Соломин уже еле ворочал языком и клонил голову, но упорно продолжал, пересев на диван:
– Я не без недостатков. Пусть даже я ничтожество. Но у меня есть мысль. Ручаюсь. Ровно одна. Но сильная. Люди вообще чаще всего умирают, так и не обдумав ни одной хоть сколько-то стоящей мысли… И я хочу довести свою мысль до предела. Пусть никто ее никогда не поймет. Но человек и без того в пределе всегда одинок. По существу, рядом с человеком нет никого, кроме смерти. Смертность человека искупает его перед лицом общественных функций. Но в то же время я вижу, как страдает Катя. Она не притворяется. Она искренне полагает жизнь хламом. Другое дело, что и чужая жизнь для нее хлам. Так становятся убийцами. А она и есть убийца… Пусть за это отвечает ее болезнь, а не ее существо, но как можно смириться с тем, что нравственное суждение зависит от биохимической проблемы мозга? Кажется, я уже брежу… Как же меня развезло… И Турчин твой тоже калека…

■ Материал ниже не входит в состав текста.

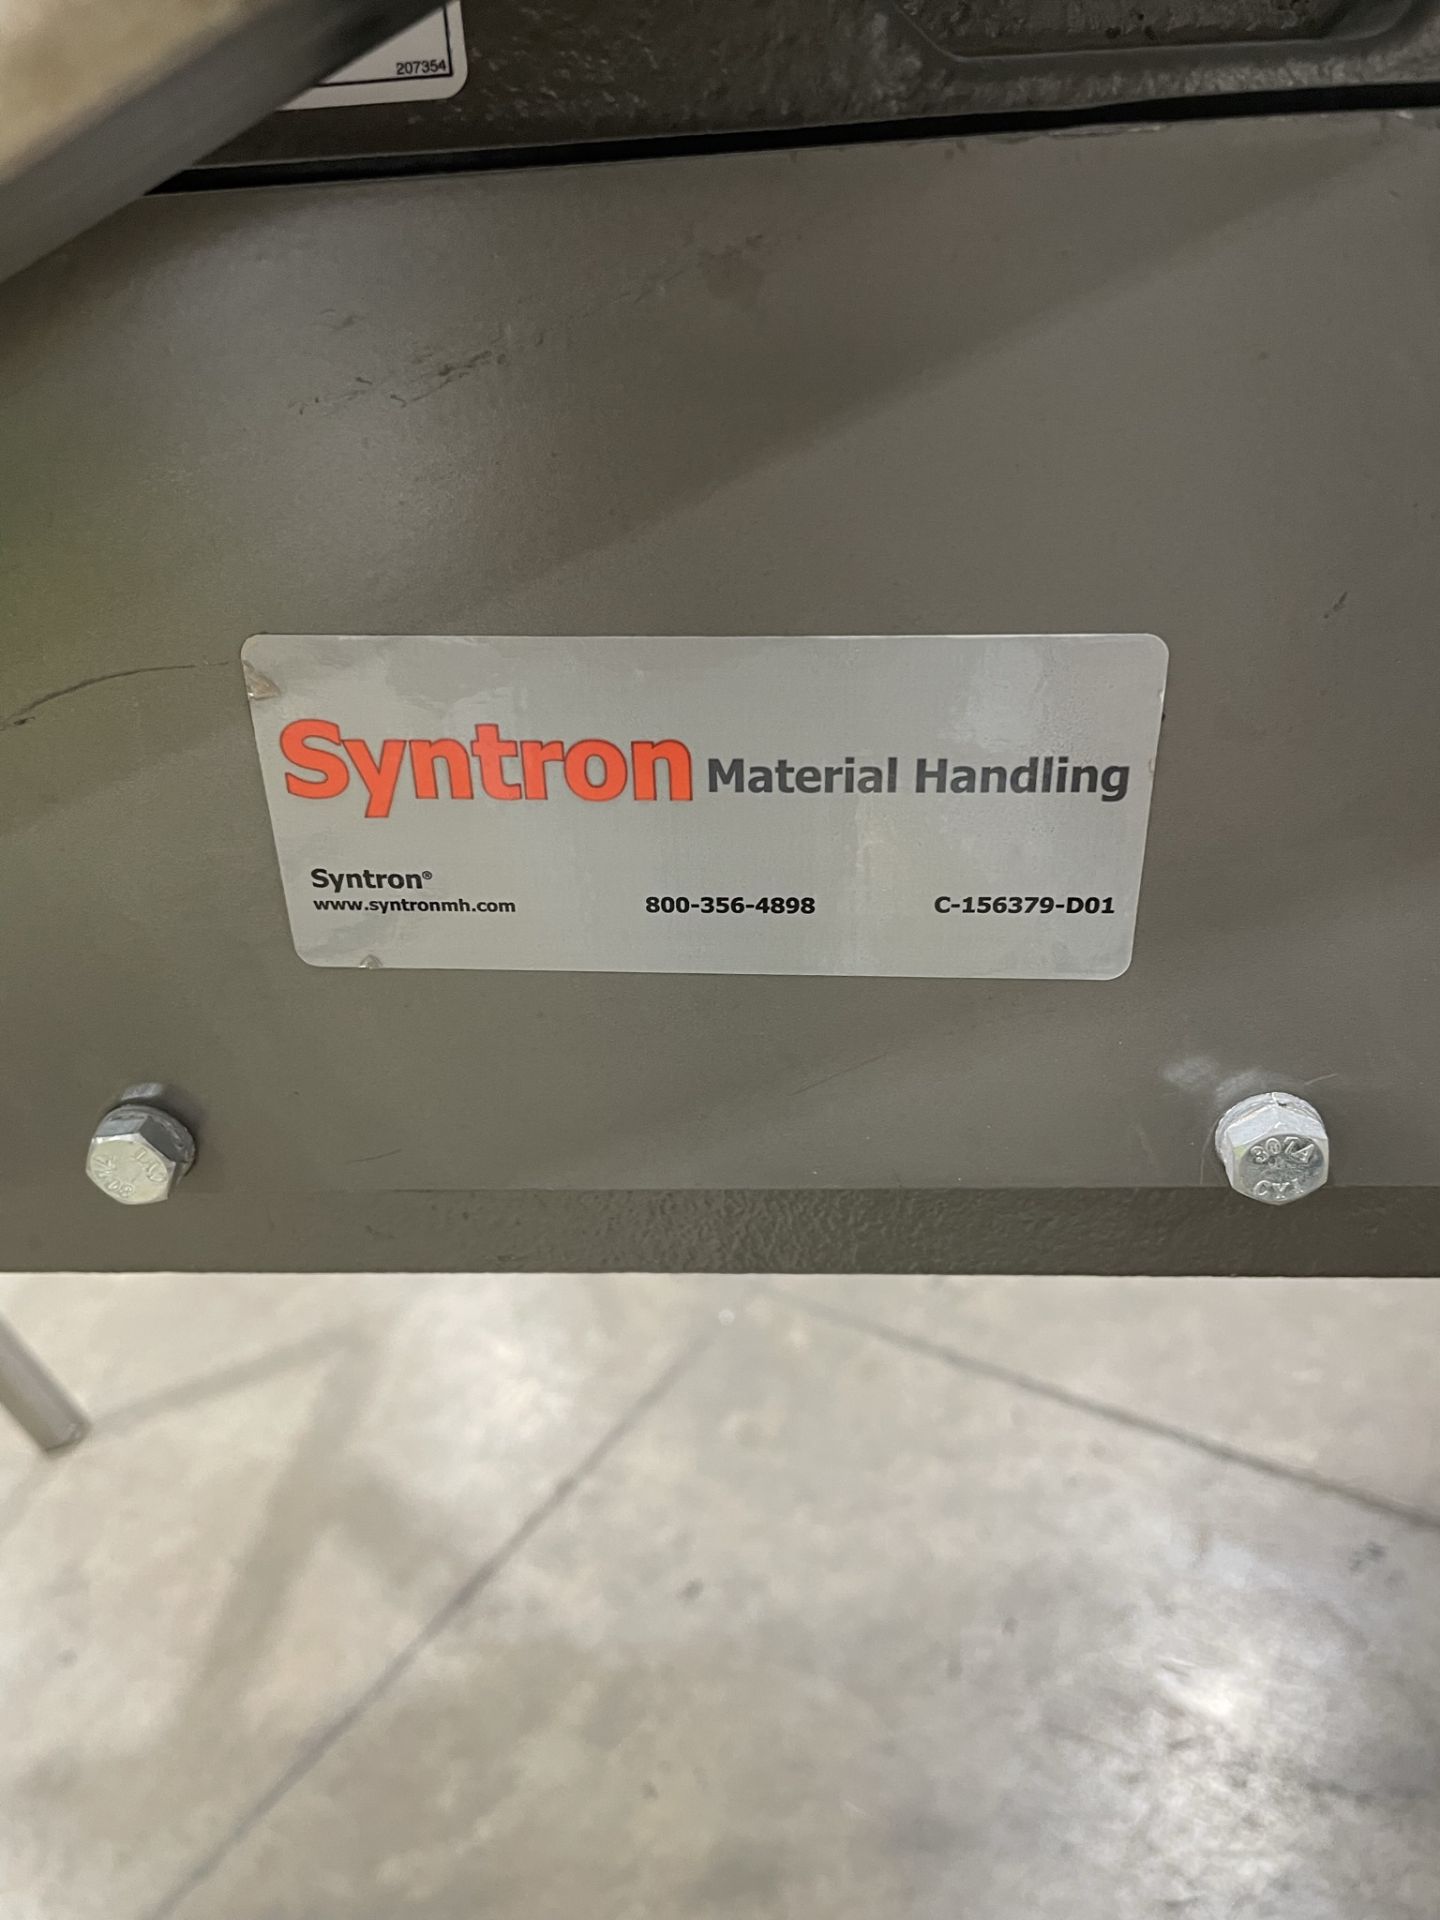 Syntron Stainless Steel Vibratory Feeding Conveyor,Model#FH24-C, serial#T106497 order#T222905, 445 - Image 4 of 6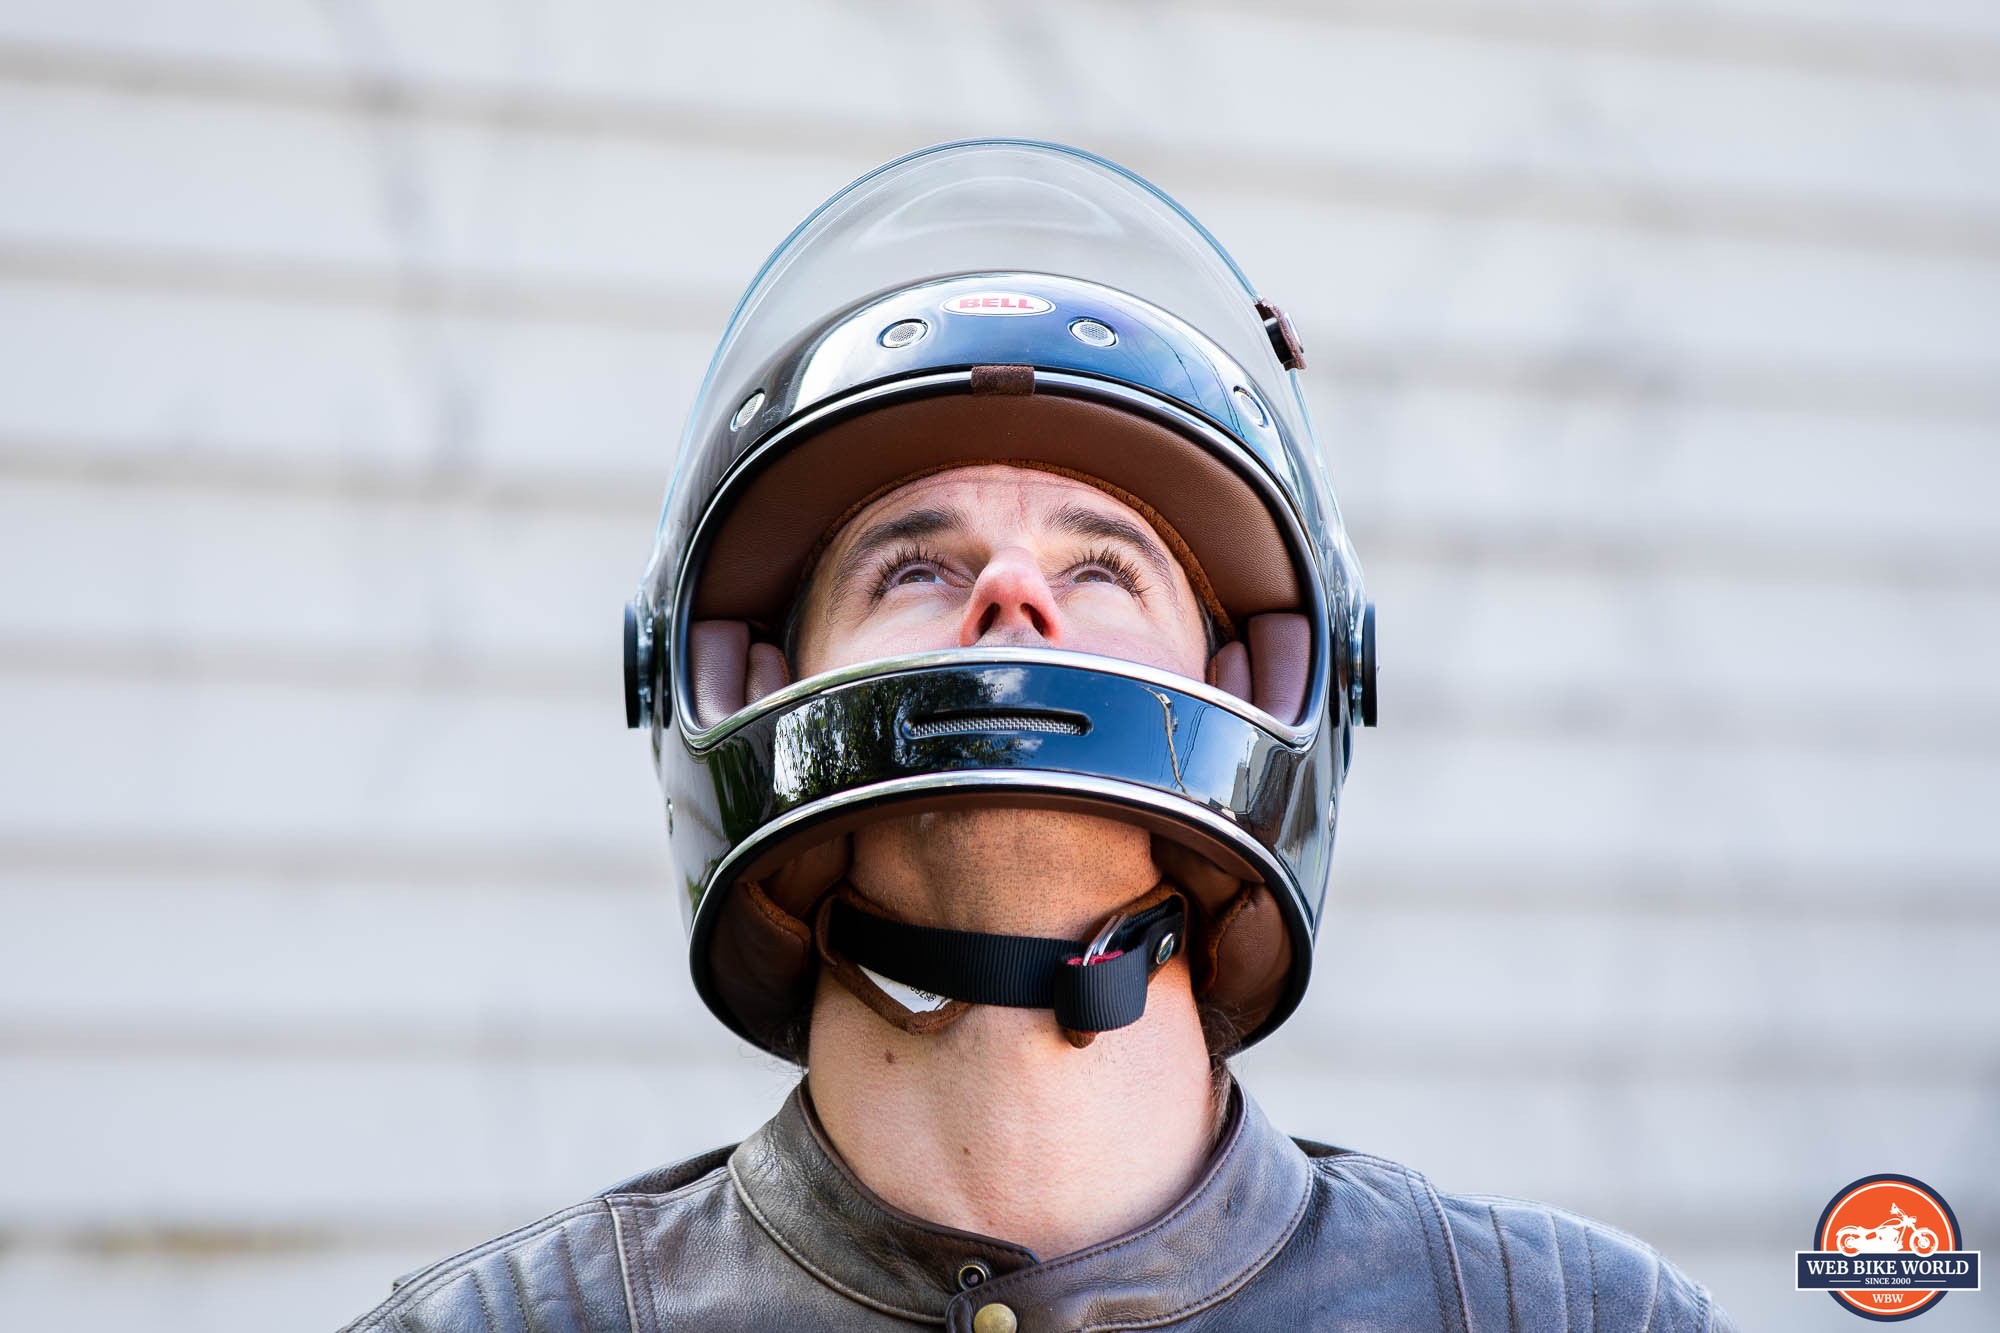 Author wearing Bell Bullitt Helmet with head raised to make chin strap visible

– Ложись, милый мой, я пледом тебя укрою, – сказал Дубровин.
– Да… Я сейчас. Так поговоришь с Натальей насчет денег? Умоляю!
– Попробую… – вздохнул Дубровин.
Соломин попытался встать, но не смог и положил голову на валик дивана.
– Благодарю… – пробормотал он, закрывая глаза. – Благо… Ты спас меня…
Дубровин поднял его ноги на диван, укрыл и, вздыхая и почесываясь, прошаркал в спальню, откуда скоро послышался храп и свист, но Соломин уже ничего не слышал.
XXXV
На третий день после свадьбы Шиленского дверь веранды в доме Соломина отворилась и порог переступила Ирина Владимировна, которая, привыкнув за время отсутствия хозяина к бесцеремонности, хотела было пройти к Кате наверх, но увидала Петра Андреича и остановилась.
– Сама-то наверху? – сказала глухо учительница и показала большим пальцем на потолок.
Соломин натягивал холст и, чтобы ответить, выплюнул гвоздики в свободную от молотка руку.
– Катя? – спросил он удивленно.
– А то кто ж? – пожала плечами учительница.